= Atapattu Walawwa =

Atapattu Walawwa is a large colonial era manor house situated at 35 Lower Dickson Road, Walawwatta, Galle, Sri Lanka.

The walawwa was constructed by Mudaliyar Don Bastian Gooneratne in 1742. The two-storey 743 sqm building is located within a 0.6 ha garden, approximately 0.5 km from the centre of Galle. The Walawwa has been the ancestral home of Gooneratne family, who were administrators of the Dutch and British colonial governments. Notable past residents of Atapattu Walawwa includes Mudaliyar Edmund Rowland Gooneratne and his son Mark Gooneratne. It is currently being used as a small seven-room boutique hotel.
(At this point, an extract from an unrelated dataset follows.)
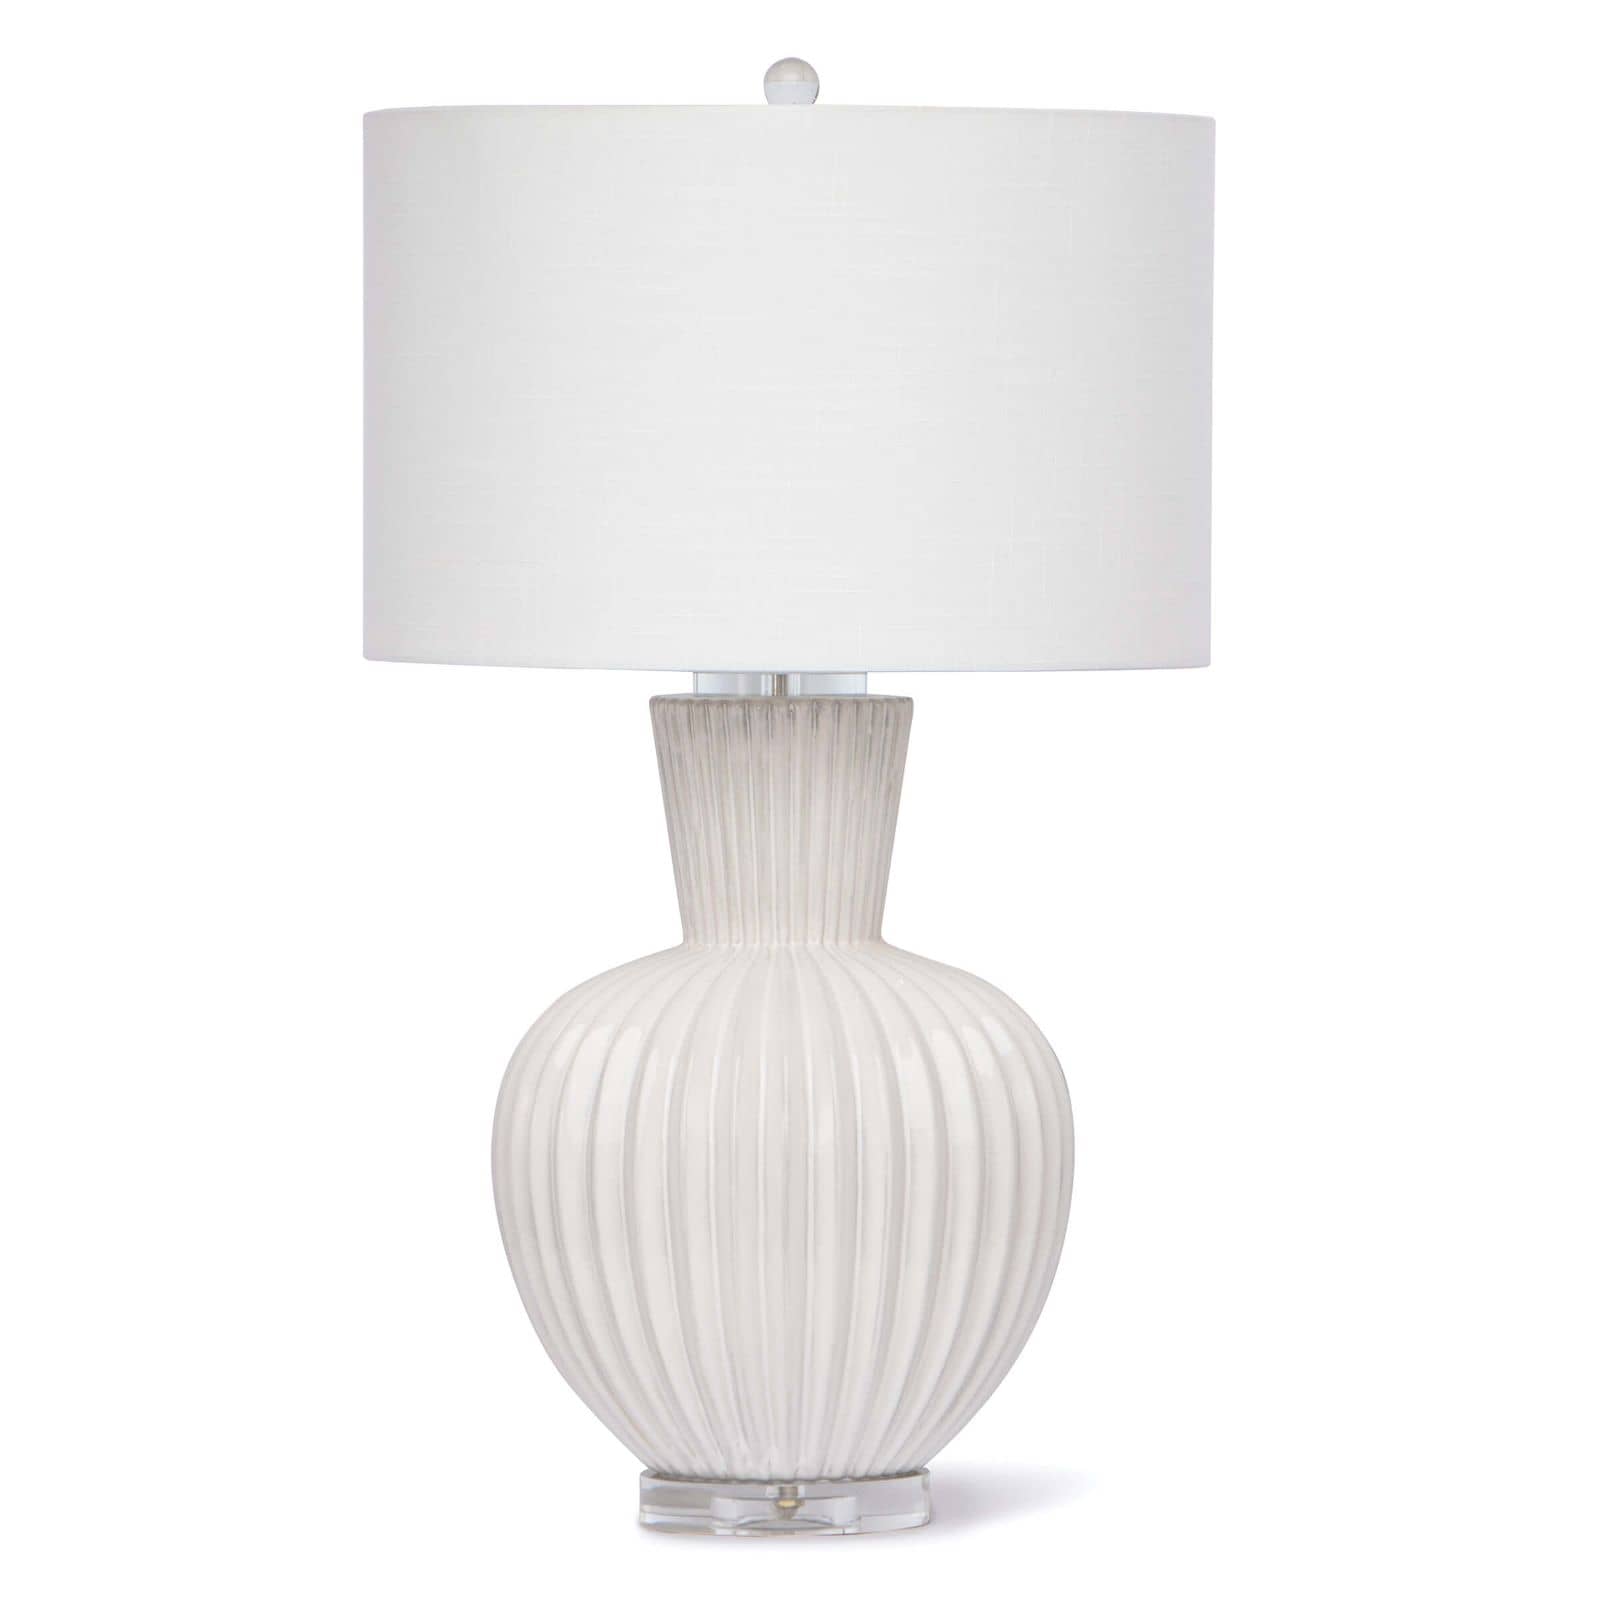 Madrid Ceramic Table Lamp in White by Regina Andrew
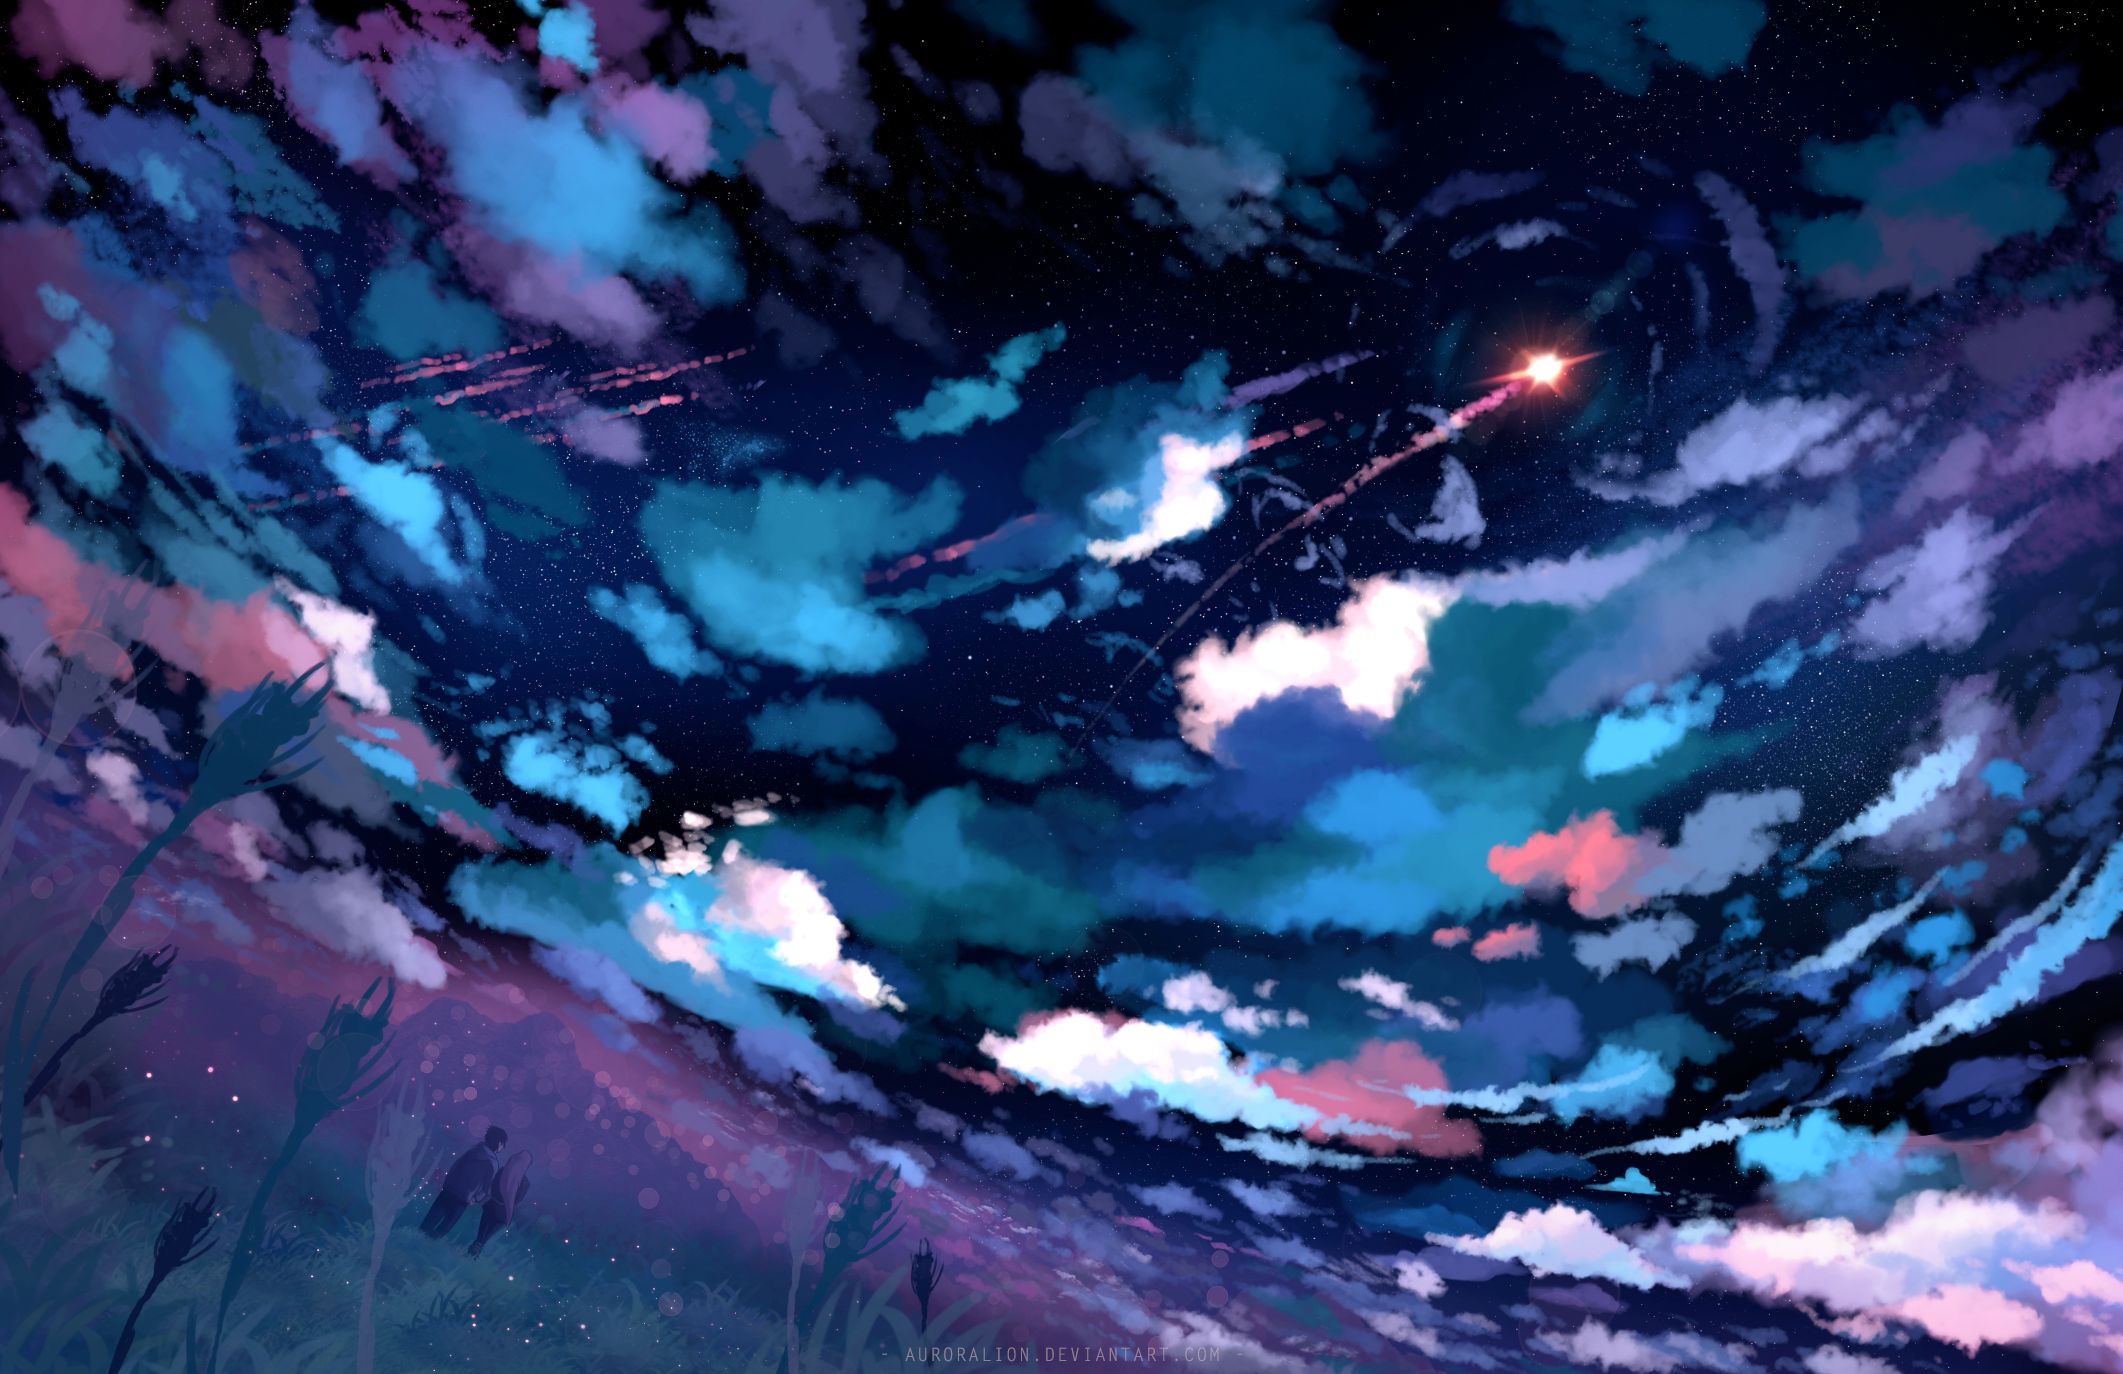 25 Anime Sky Wallpaper 1920x1080 - Cloud Blue Sky Anime Hd Wallpaper  Download Source : www.besthdwallpaper.com 192… | Sky anime, Anime  background, Cloud wallpaper

On 13 December 1998 the building was formally recognised by the Government as an Archaeological Protected Monument.

==Buddhist temple==

The Buddhist temple located at adjacent land to the Atapattu Walawwa is presently known as Sri Gunaratne Mudalindaramaya. This temple which was earlier known as Simbali Avasaya has accommodated many Sri Lankan and Japanese Buddhist monks over the years.

Sri Gunaratne Mudalindaramaya was initially built by Mudaliyar E. R Gooneratne in the 1870s and the shrine hall was constructed later by his son Mark Gooneratne in the 1920s. The shrine hall depicts statues of 'Seven Buddhas' which is rarely seen in Buddhist architecture.